··· Records to process ···
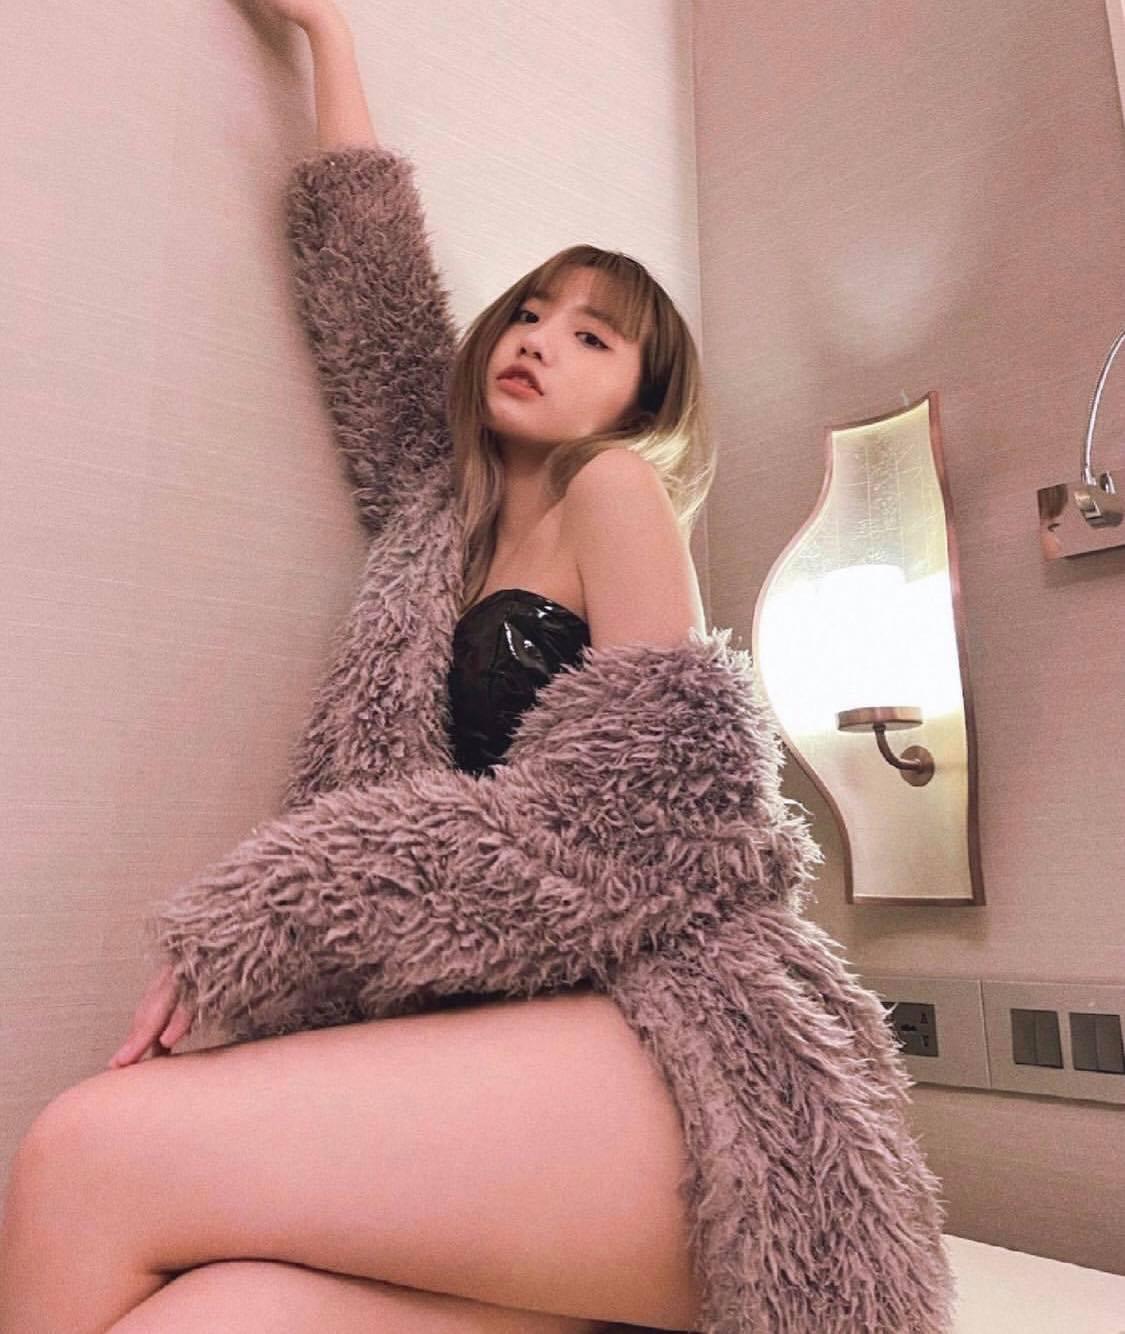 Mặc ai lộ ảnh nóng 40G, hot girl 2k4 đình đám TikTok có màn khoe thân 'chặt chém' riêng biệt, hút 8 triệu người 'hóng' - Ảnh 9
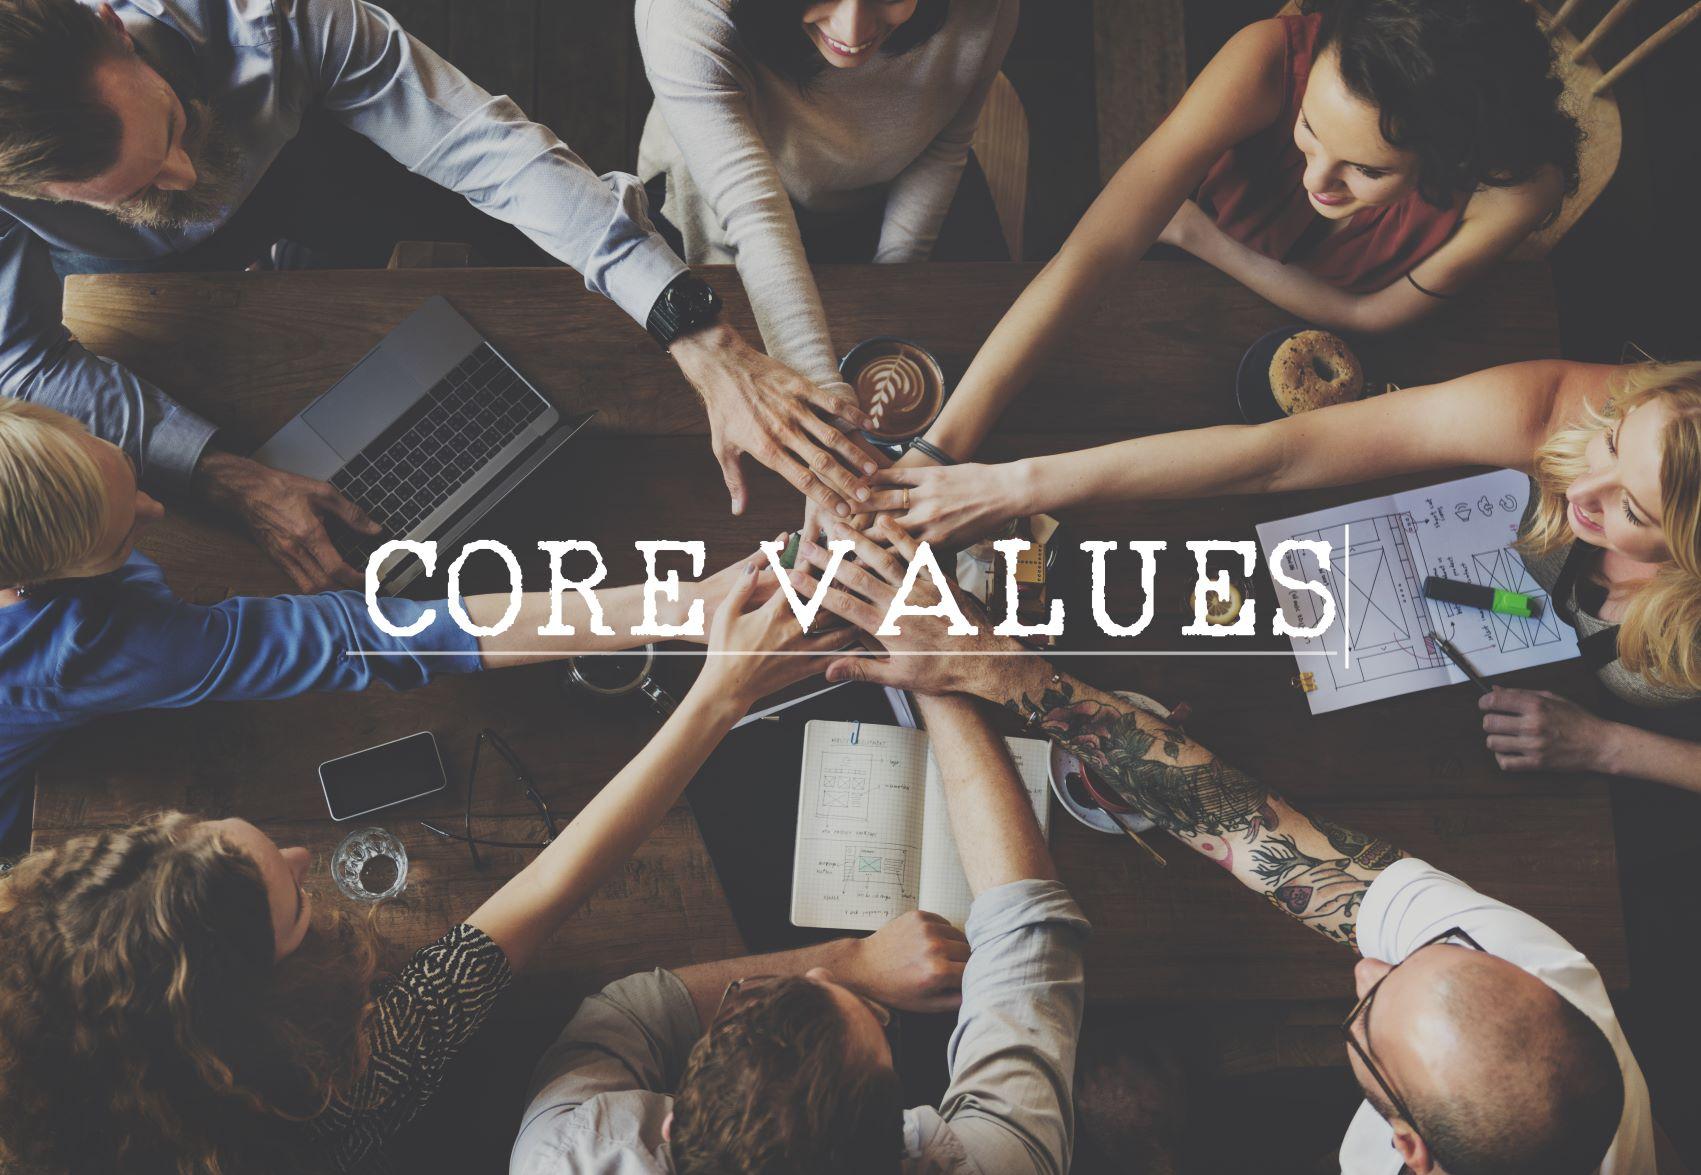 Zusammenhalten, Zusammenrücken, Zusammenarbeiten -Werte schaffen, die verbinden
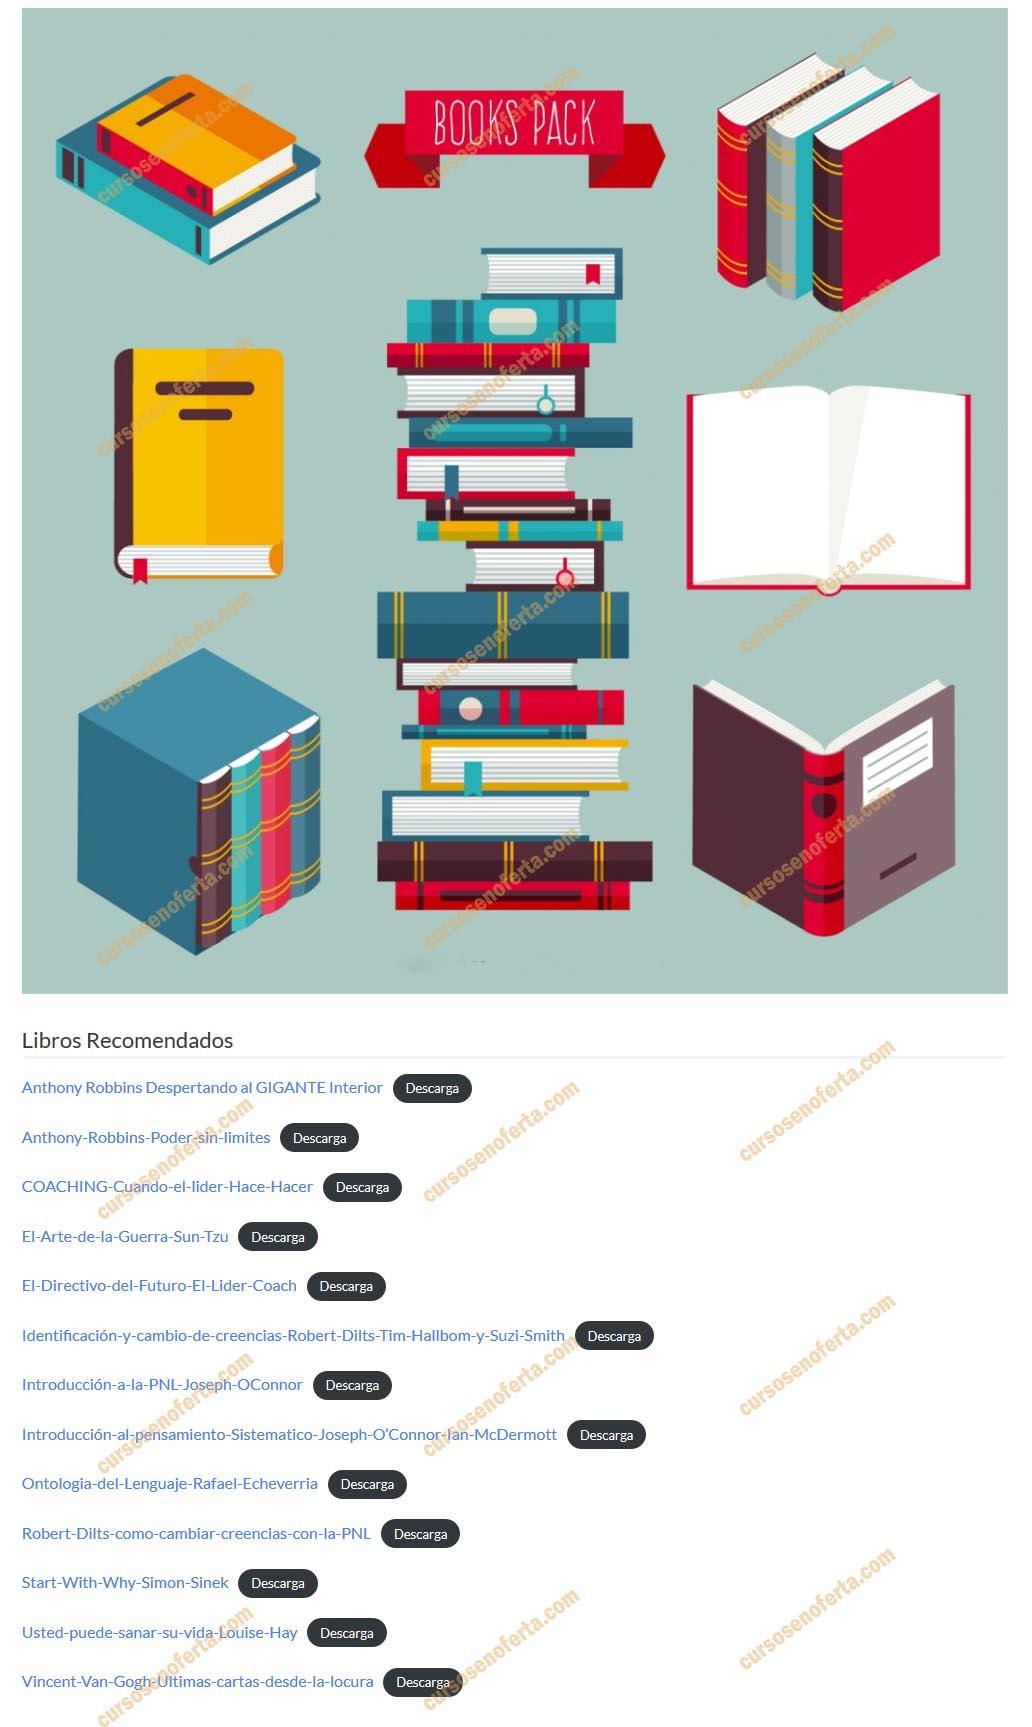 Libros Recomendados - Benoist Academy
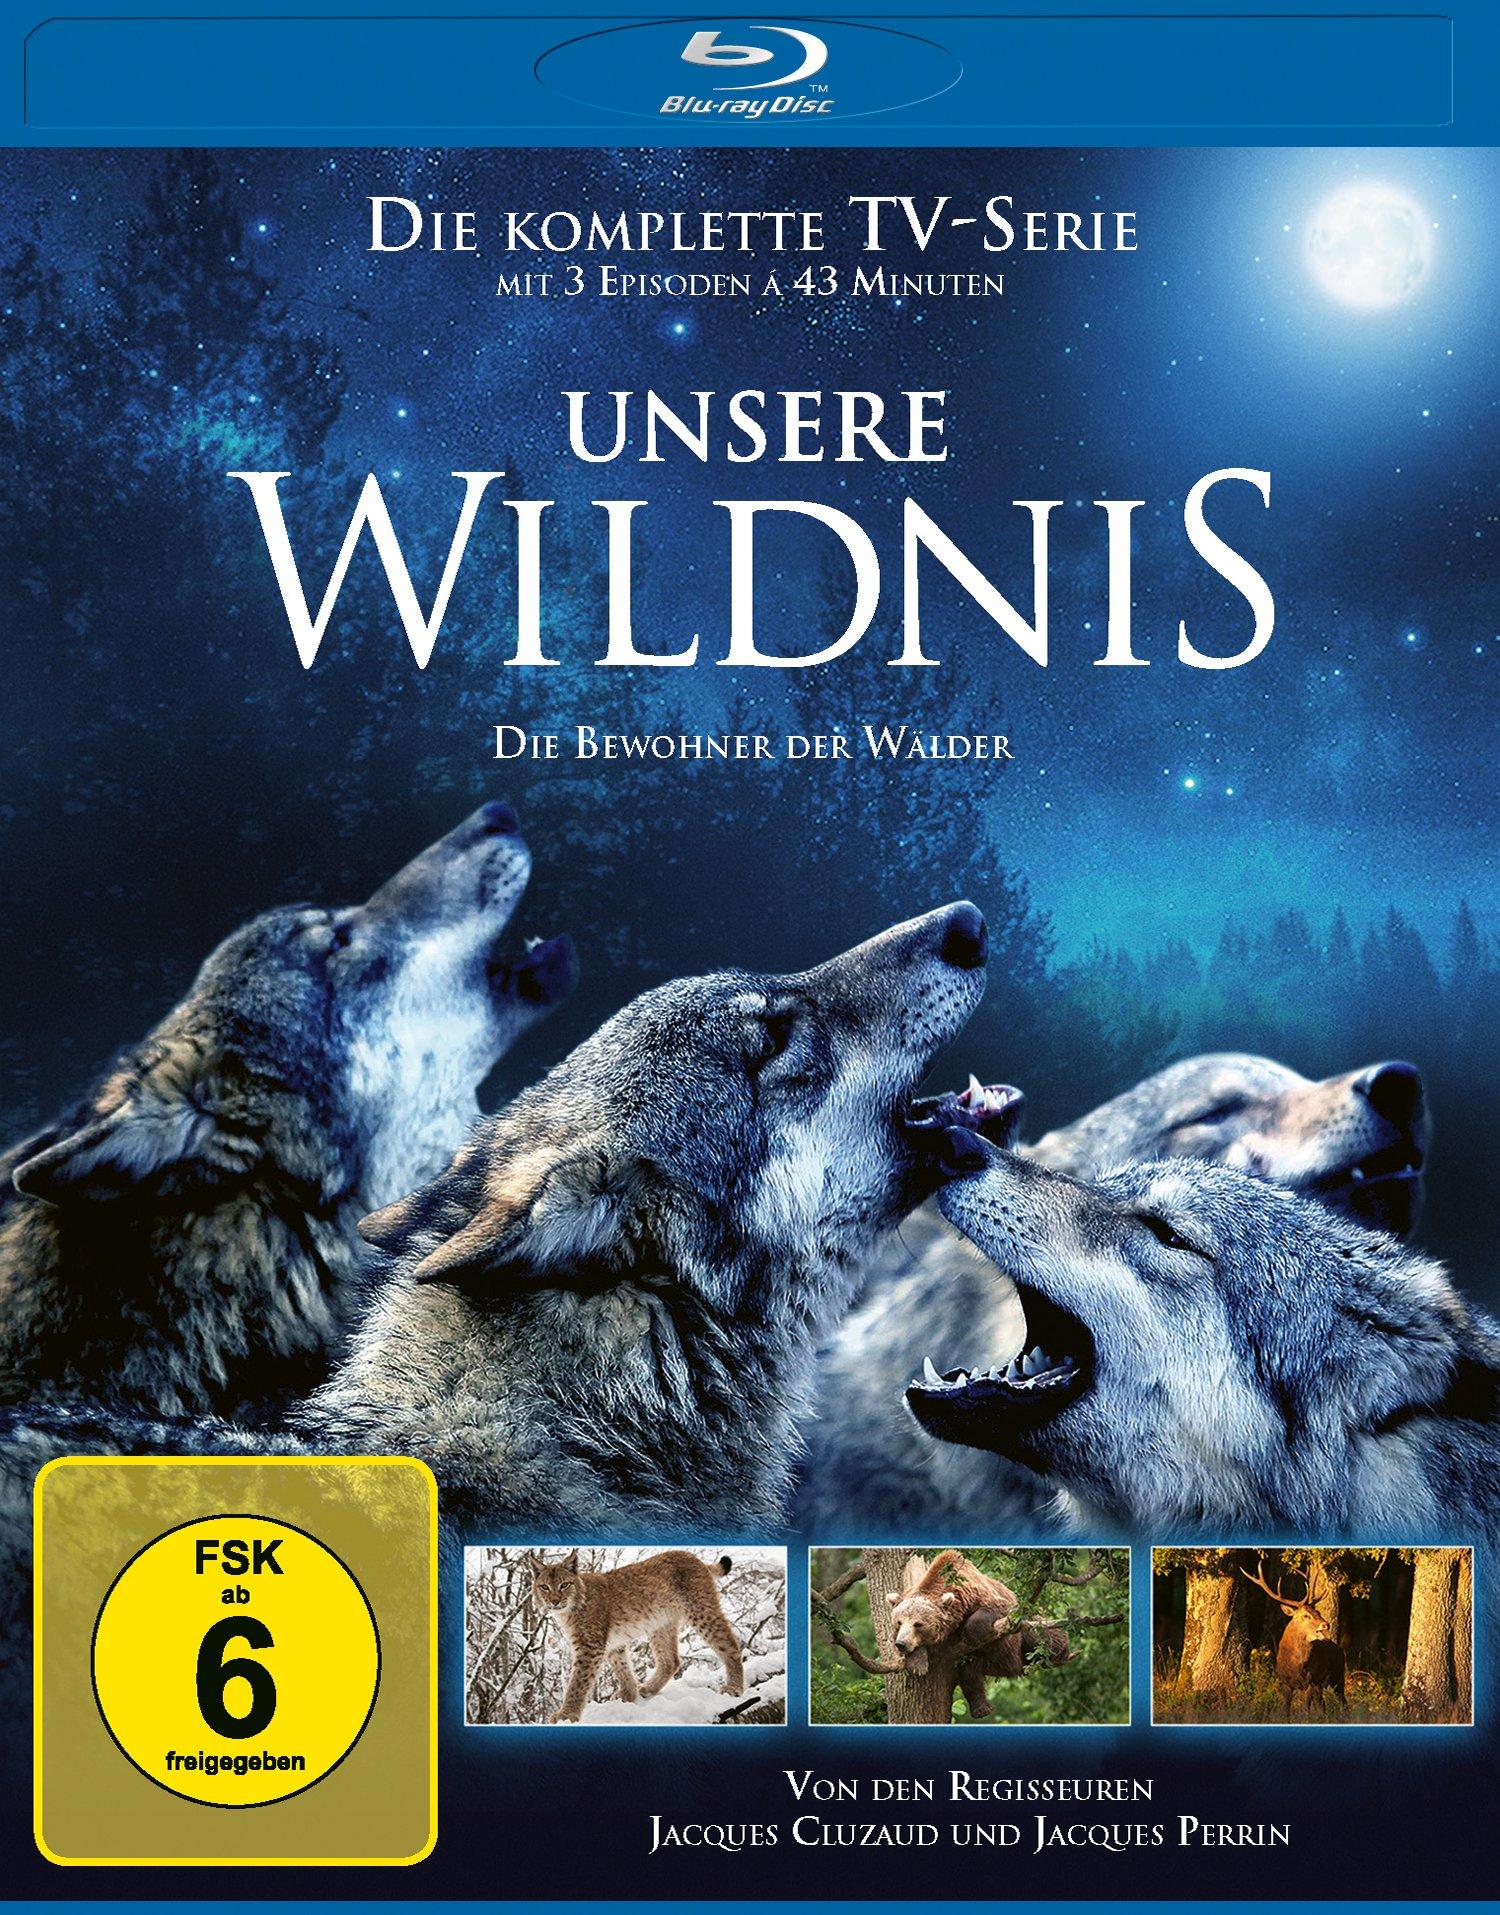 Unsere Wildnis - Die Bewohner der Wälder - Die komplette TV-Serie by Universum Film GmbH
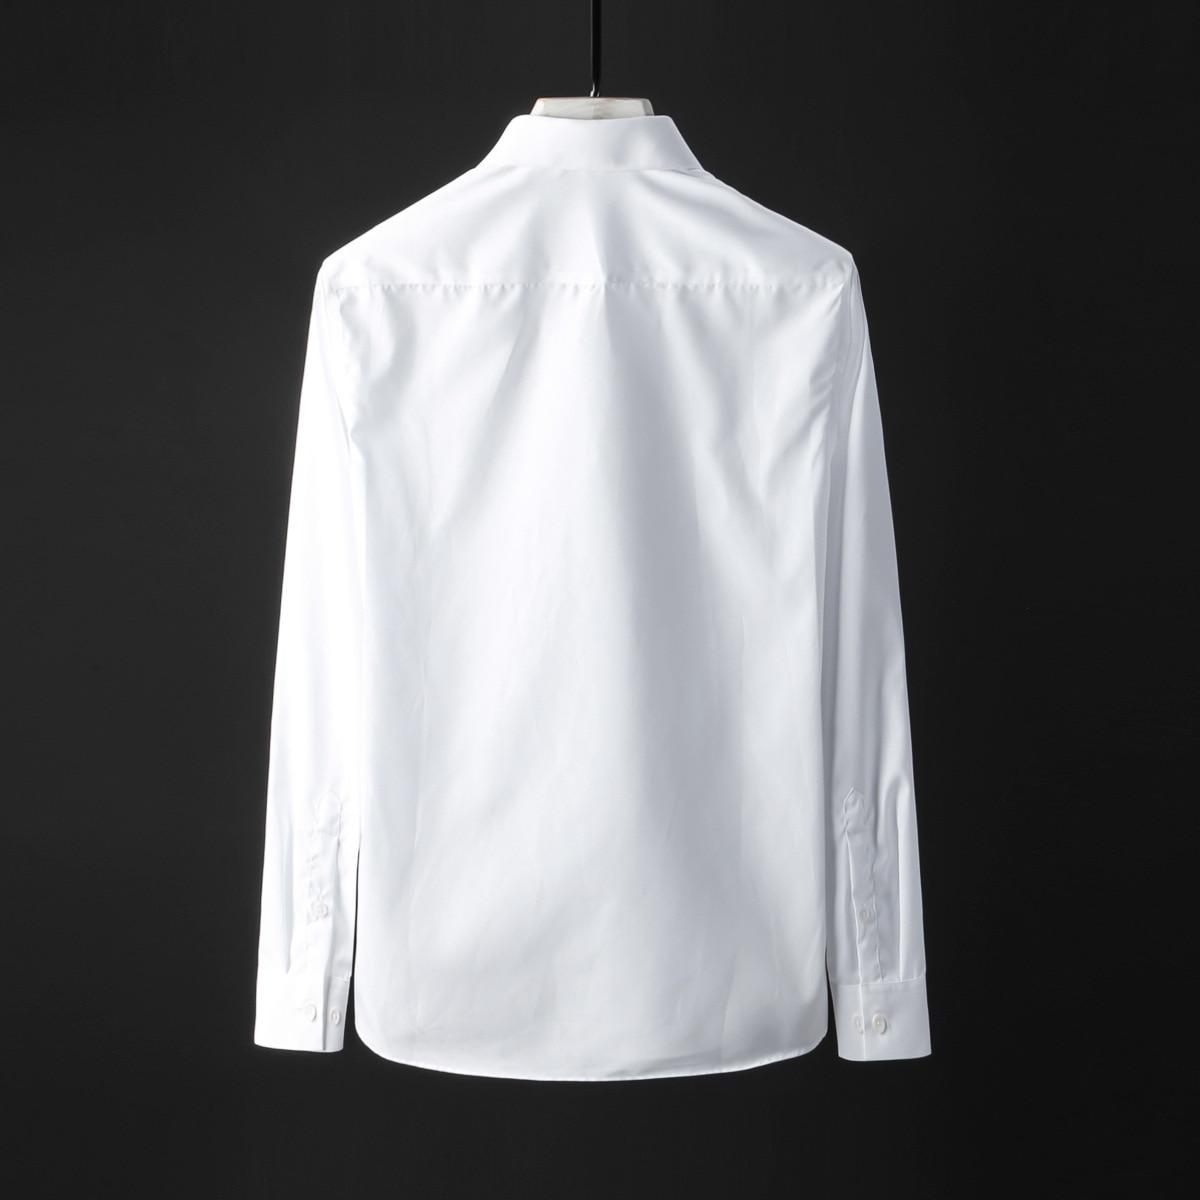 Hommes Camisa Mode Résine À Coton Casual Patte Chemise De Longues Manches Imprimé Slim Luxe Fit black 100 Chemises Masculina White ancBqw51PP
···
◆ Exercise description
Starting at the line that holds "Zusammenhalten, Zusammenrücken, Zusammenarbeiten", write out every remaining line of the material above exactly as it appears. Pictures should not be copied.

◆ Response for this exercise
 Zusammenhalten, Zusammenrücken, Zusammenarbeiten -Werte schaffen, die verbinden
 Libros Recomendados - Benoist Academy
 Unsere Wildnis - Die Bewohner der Wälder - Die komplette TV-Serie by Universum Film GmbH
 Hommes Camisa Mode Résine À Coton Casual Patte Chemise De Longues Manches Imprimé Slim Luxe Fit black 100 Chemises Masculina White ancBqw51PP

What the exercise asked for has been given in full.